Thursday, December 18, 2008

This is not (quite) a graphic novel: Bossy Bear

Writer/artist David Horvath's Bossy Bear (Hyperion; 2007) is unquestionably a children's picture book, but it's one of those that is somewhat near the border to comics. Most of the words are in prose, but they are very short bursts of words, floating above the images. The dialogue, what little of it there is, appears in comic book-style dialogue balloons. And while the pages aren't broken into panels, if we accept each page as a panel unto itself, well, this could very easily be considered a comic.

Either way, it's pretty awesome, even for those of us who long ago learned that no one likes someone who's too bossy, and that we should share stuff with others.

This is how the book opens,

with a LOLcats like, Internet meme-friendly declaration. I've cropped the image, but only the field of mustard yellow that serves as a background. Most of the images in the book are exactly this bold: A bright-colored character given weight and dimension only by a shadow, standing in a big rectangle of color. Sometimes there are other characters or objects, and sometimes space is hinted at by backgrounds or the size of figures, but more often than not its just a simple character on a color, Horvath's "camera" zooming in or out to add drama occasionally.

If something about Bossy Bear looks a bit familiar, that's because Horvath is the co-creator of Uglydolls (along with his wife Sun-Min Kim), and these characters share the same designs sensibility, although they all tend to be recognizable animals instead of cute "ugly" monsters.

But back to the story: Bossy Bear is bossy, as his crown and ermine-lined cape probably clued you in on. "He likes things his way all the time," page two tells us, and page three adds "Bossy Bear spends his day telling others what to do."

The following pages show Bossy Bear interacting with the world, telling a variety of blank-faced, stupid looking animals to clean his room and give him things, yelling at a snail to crawl faster, demanding everything from Santa, etc.

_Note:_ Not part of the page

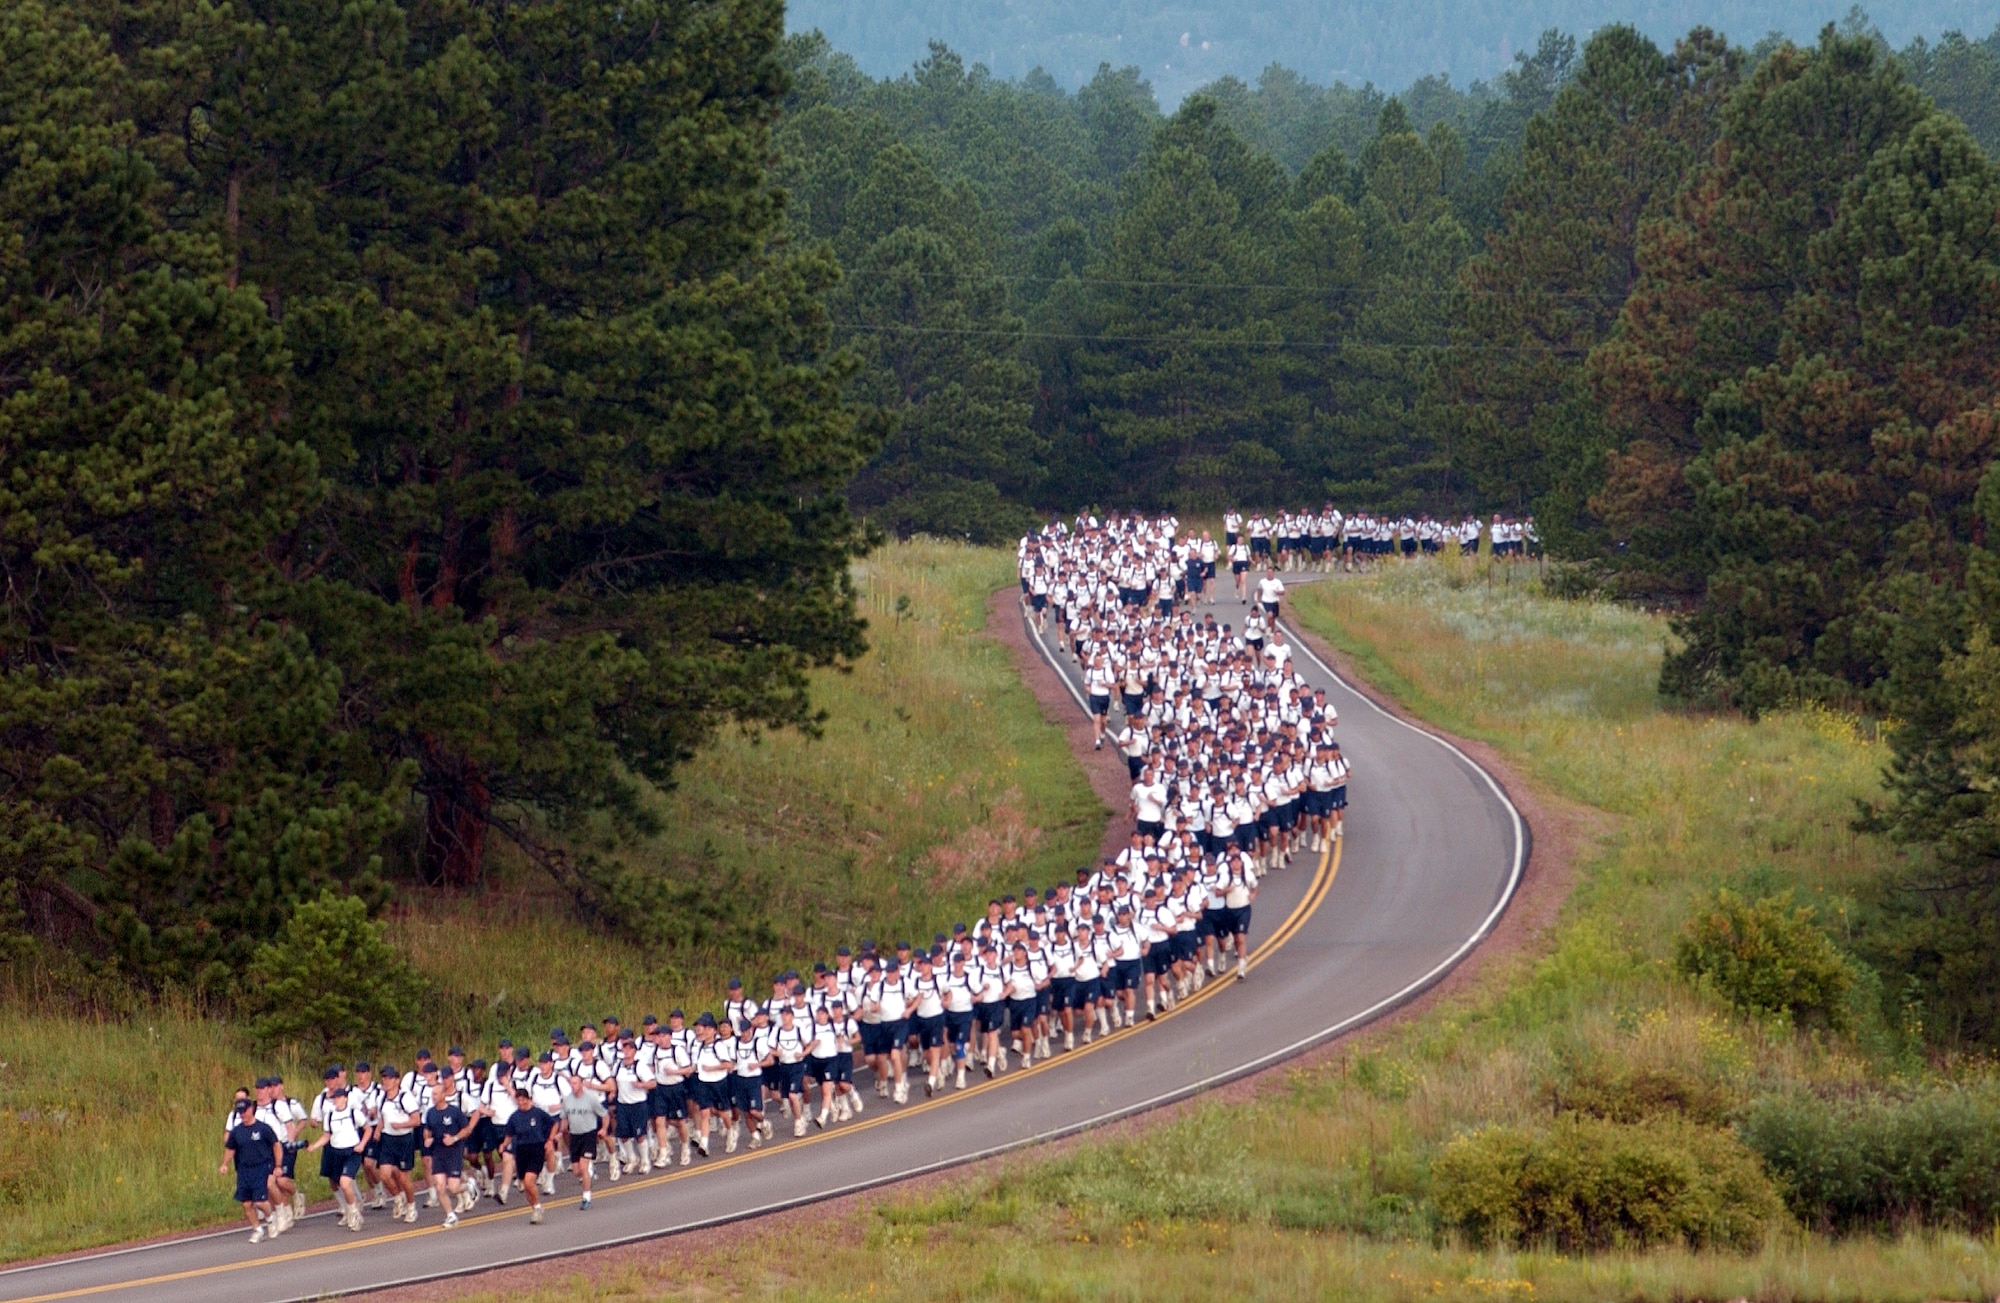 U.S. AIR FORCE ACADEMY, Colo. -- More than 1,200 people from the Air Force Academy's Class of 2008 begin their 36-mile relay "Warrior Run."  The relay began at the school's Jacks Valley training area then meandered through Pike National Forest.  The 11-leg, seven-hour run is the final event for the class's basic cadet training.  (U.S. Air Force photo by Ken Wright)

About halfway through, a blank-faced, stupid-looking pig and dog ask B.B. if he wants to play with them, but leave when he gets bossy.

This leads to an existential, double-page spread, where we see Bossy Bear on the far left of a two-page field of empty gray, thinking to himself "Oh..."

Has he learned his lesson? Perhaps. (Spoiler alert!)

Soon a turtle with a red baloon comes along, and Bossy Bear demands it. To his surprise, the turtle complies, giving Bossy Bear something to think about.

"You don't think I'm bossy?" Bossy Bear asks, and the turtle responds "You are bossy...but you don't have to be."

So Bossy Bear walks off page, then returns with a present for the turtle.

It's...a crown, just like his!

The turtle puts it on and declares "Let's Go!" while he and Bossy Bear walk off the page, B.B. making eye contact with the reader.

The first time I read this, I just thought that was Bossy Bear's blank-ish, "I just learned a lesson face," but on the second and third reading (Um, it's pretty short, so three readings is, like, ten minutes time all together), it seems clear that Bossy Bear has realized that he might have just created a monster, and is, for the first time, learning what it means to be bossed around.

The moral of the story? Crowns and ermine-lined red capes look awesome, and you should totally wear them all the time.